▶ _Problem to work on_:
Omit the pictures and reproduce the rest of the listing exactly.

▶ _Recorded data_:

┌────────

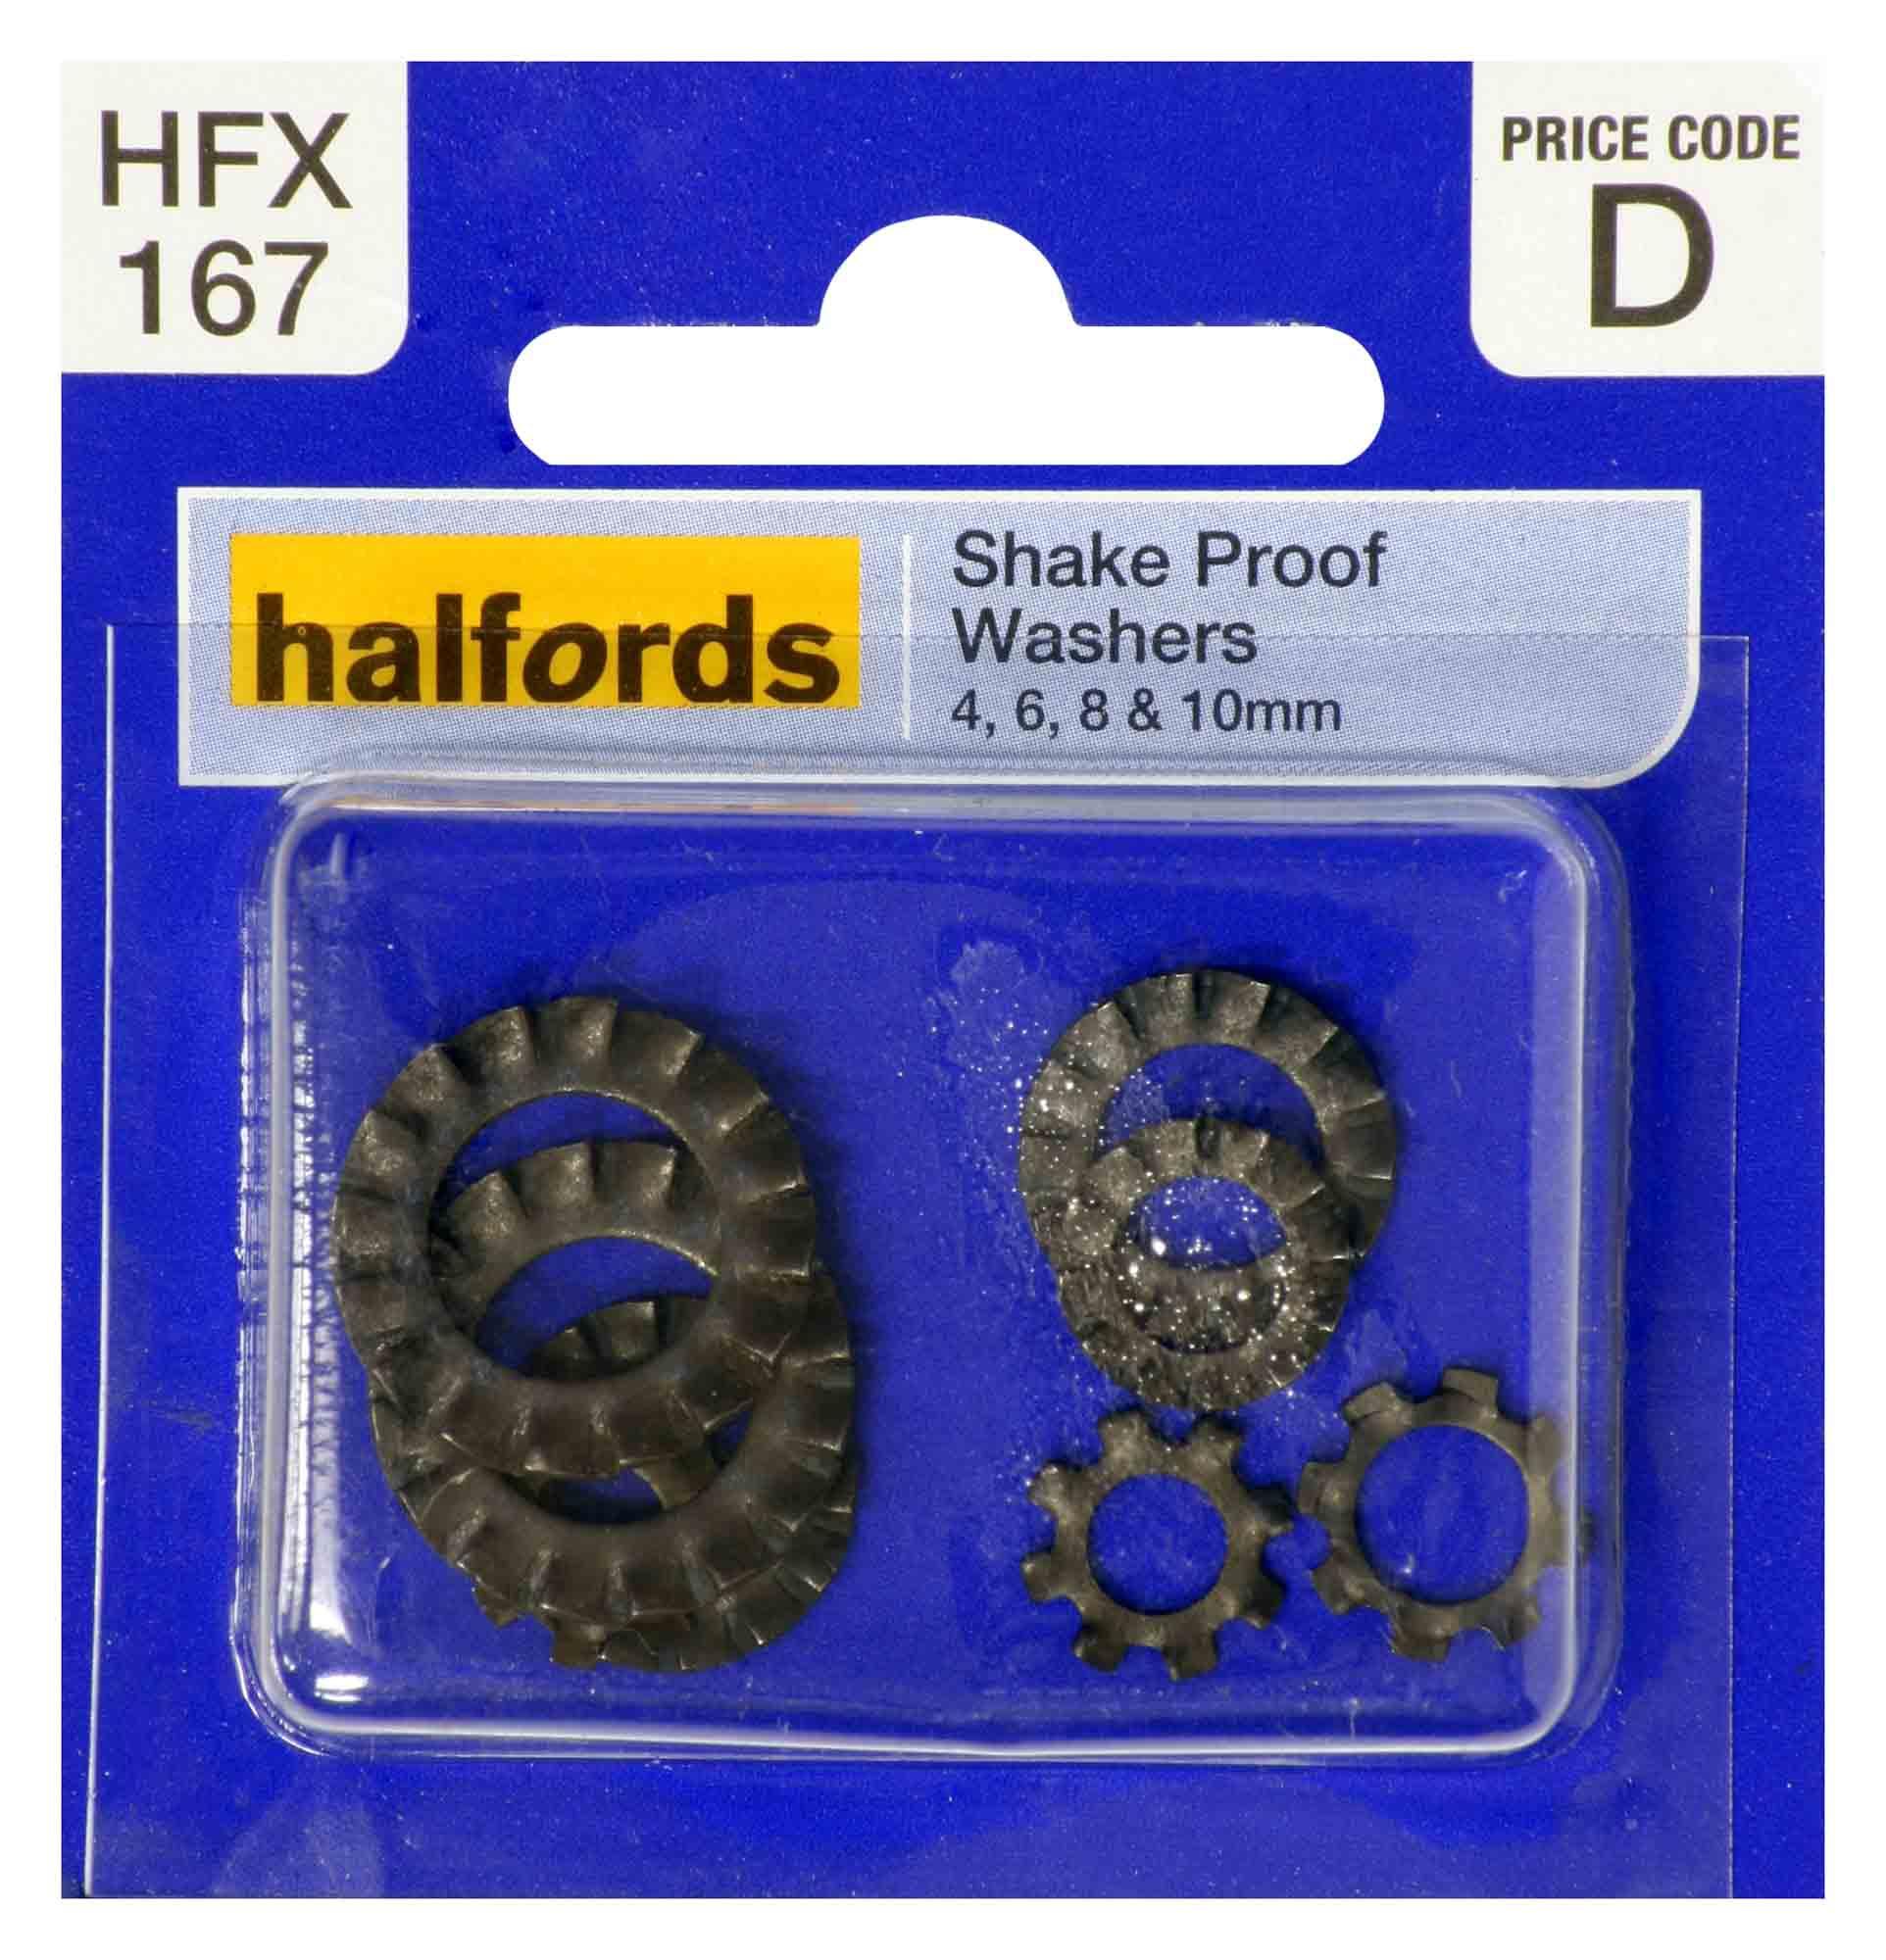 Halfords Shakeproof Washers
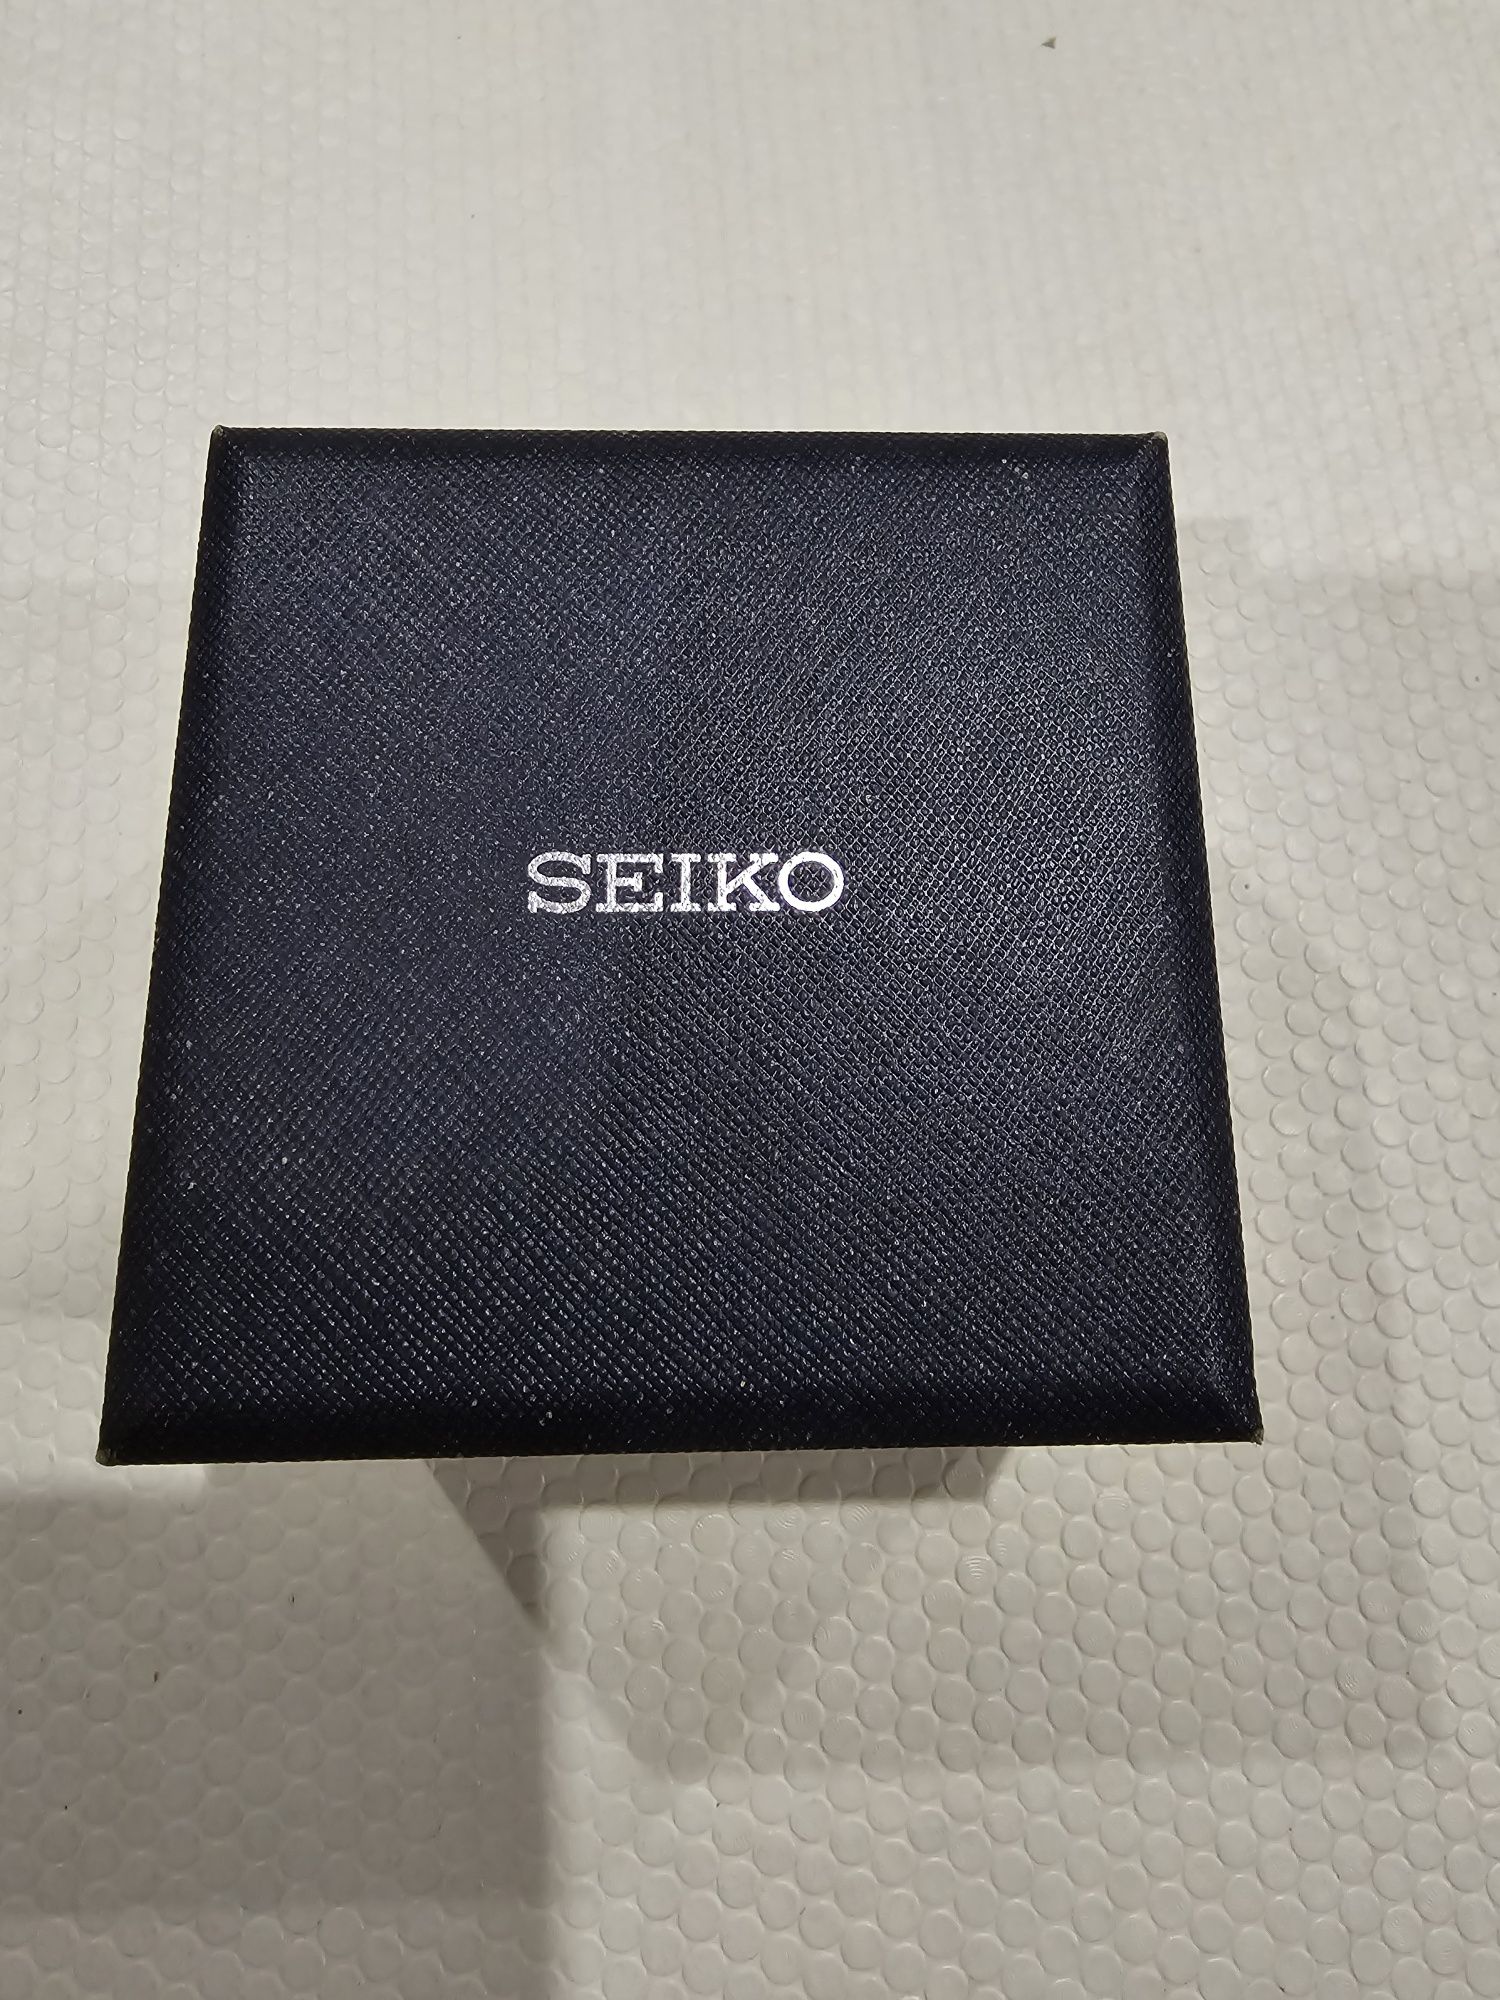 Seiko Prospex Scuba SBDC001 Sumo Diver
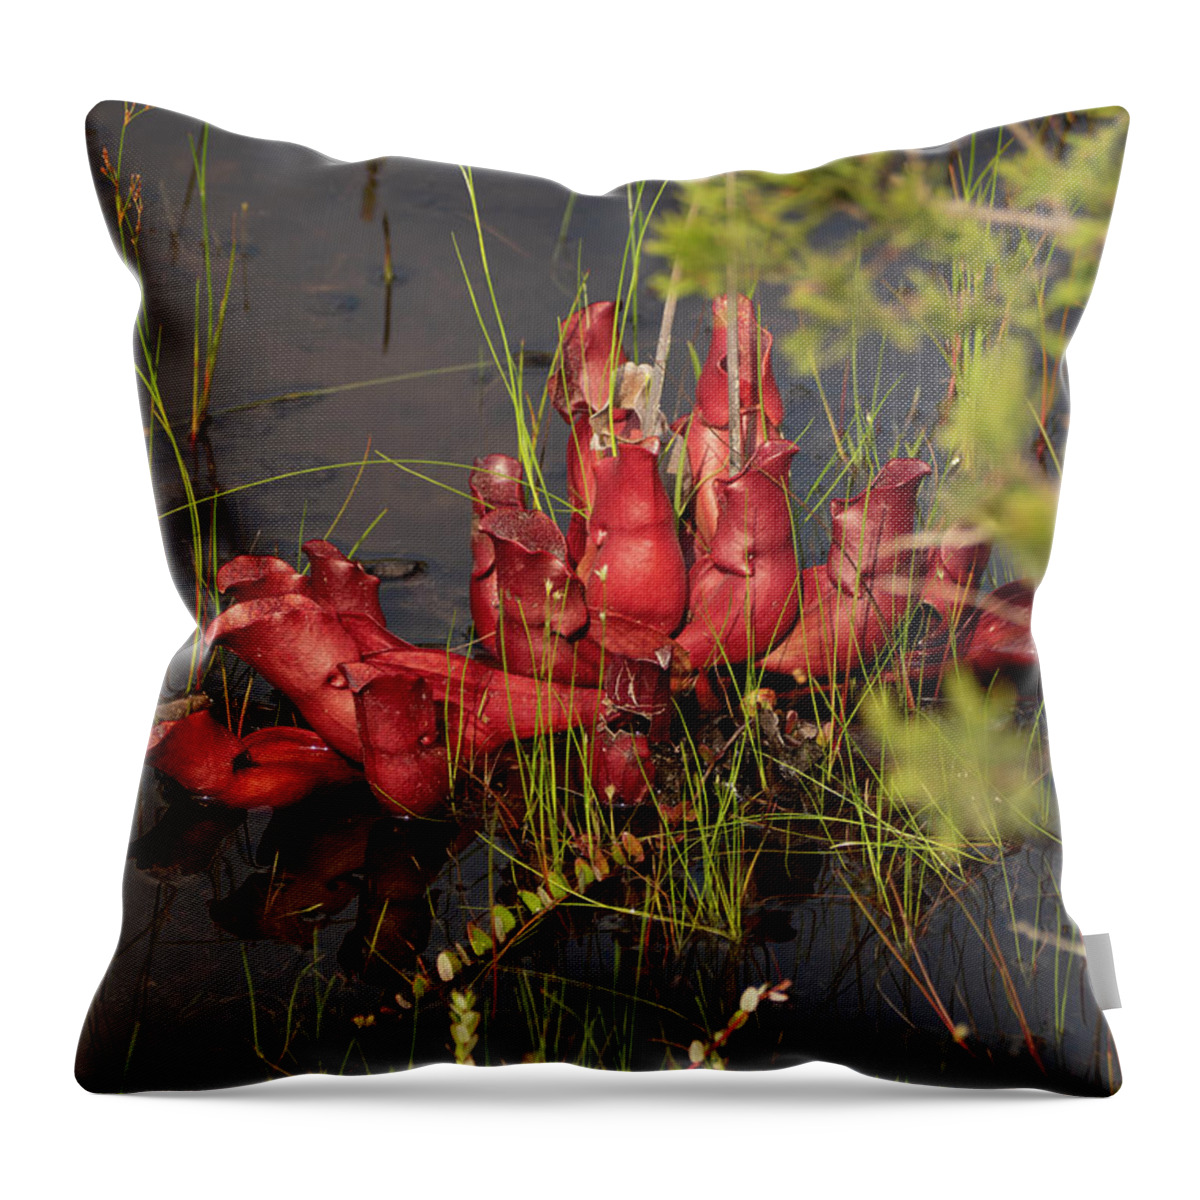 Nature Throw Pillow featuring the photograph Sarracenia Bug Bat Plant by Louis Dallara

└────────

▶ _Solution_:
 Halfords Shakeproof Washers
 Seiko Prospex Scuba SBDC001 Sumo Diver
 Nature Throw Pillow featuring the photograph Sarracenia Bug Bat Plant by Louis Dallara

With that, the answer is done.